Copy exactly the lines of the records below, and only those lines, beginning with the line that contains "Lichtverschmutzung Karte Welt.Immer" and ending with the line that contains "Unreliable Horsepower Rating - Porsche 959".

== DATA PROVIDED

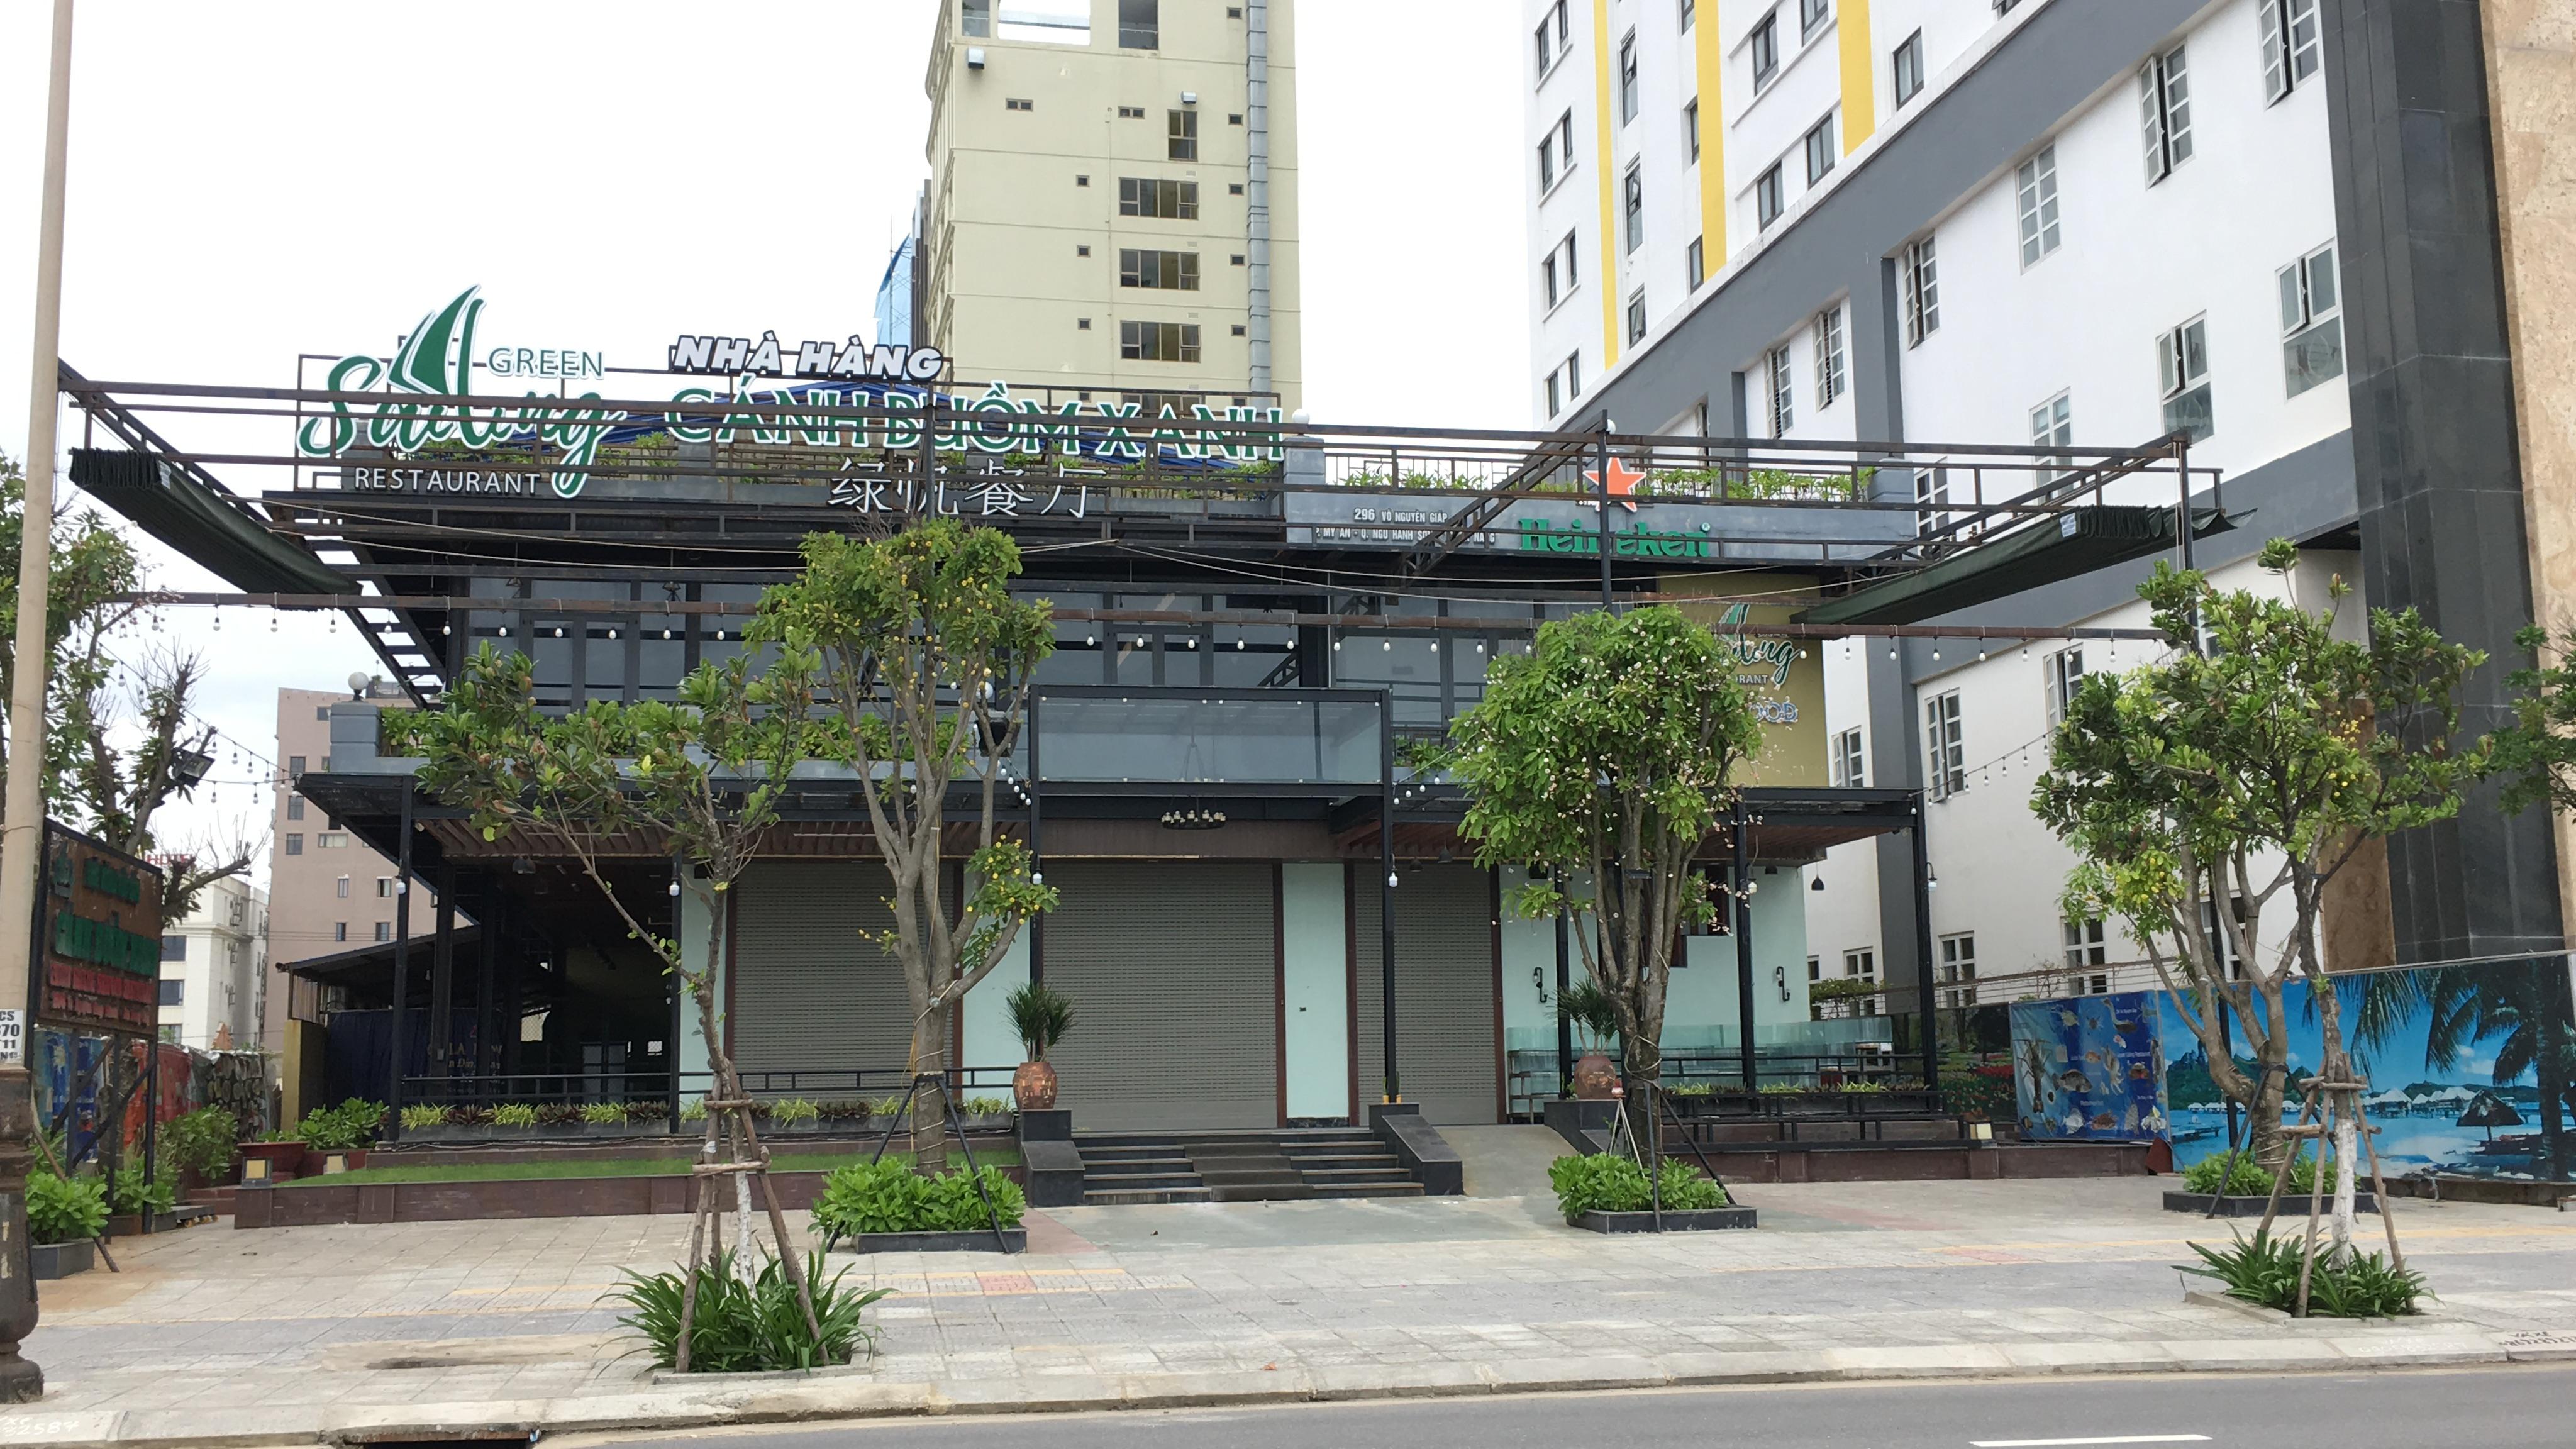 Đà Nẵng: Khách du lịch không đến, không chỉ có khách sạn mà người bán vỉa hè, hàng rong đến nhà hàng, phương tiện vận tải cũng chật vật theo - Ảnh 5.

====
== DATA PROVIDED

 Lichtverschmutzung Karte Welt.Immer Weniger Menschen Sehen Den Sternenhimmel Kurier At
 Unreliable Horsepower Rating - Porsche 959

====
== DATA PROVIDED

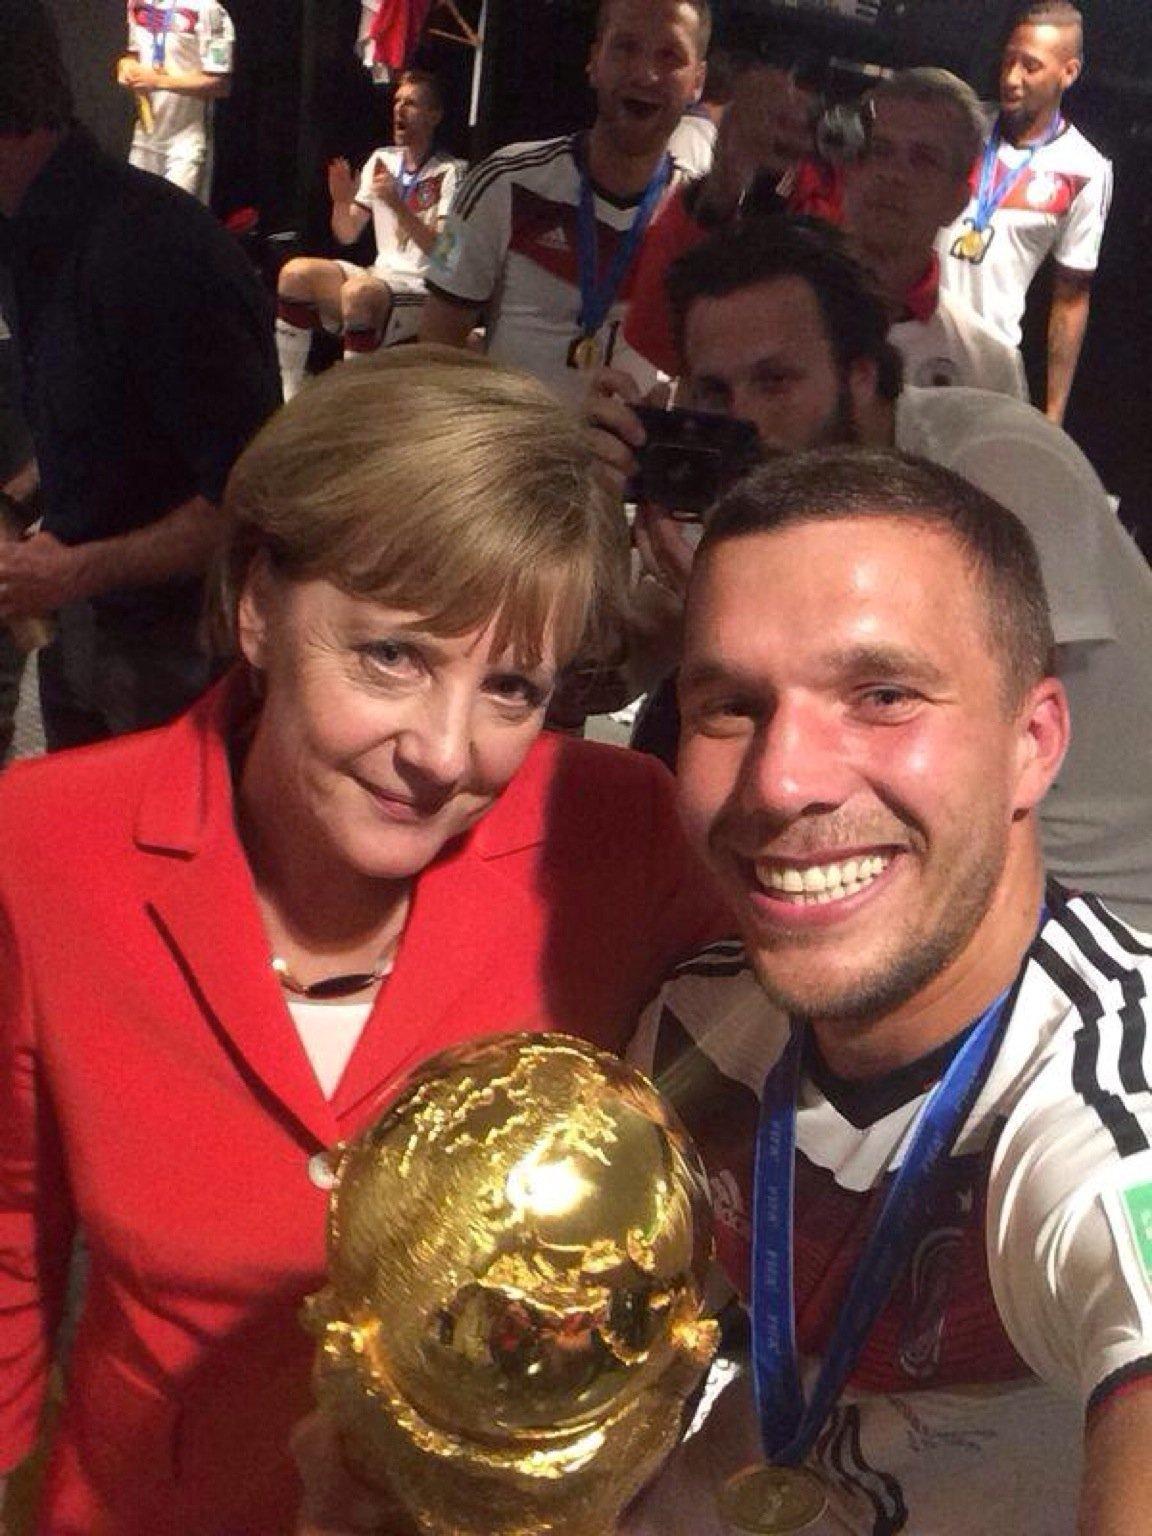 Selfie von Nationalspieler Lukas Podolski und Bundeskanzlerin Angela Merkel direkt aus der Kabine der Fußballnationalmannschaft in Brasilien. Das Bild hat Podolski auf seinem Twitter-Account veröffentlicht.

====

● ANSWER TO THE PROBLEM:
 Lichtverschmutzung Karte Welt.Immer Weniger Menschen Sehen Den Sternenhimmel Kurier At
 Unreliable Horsepower Rating - Porsche 959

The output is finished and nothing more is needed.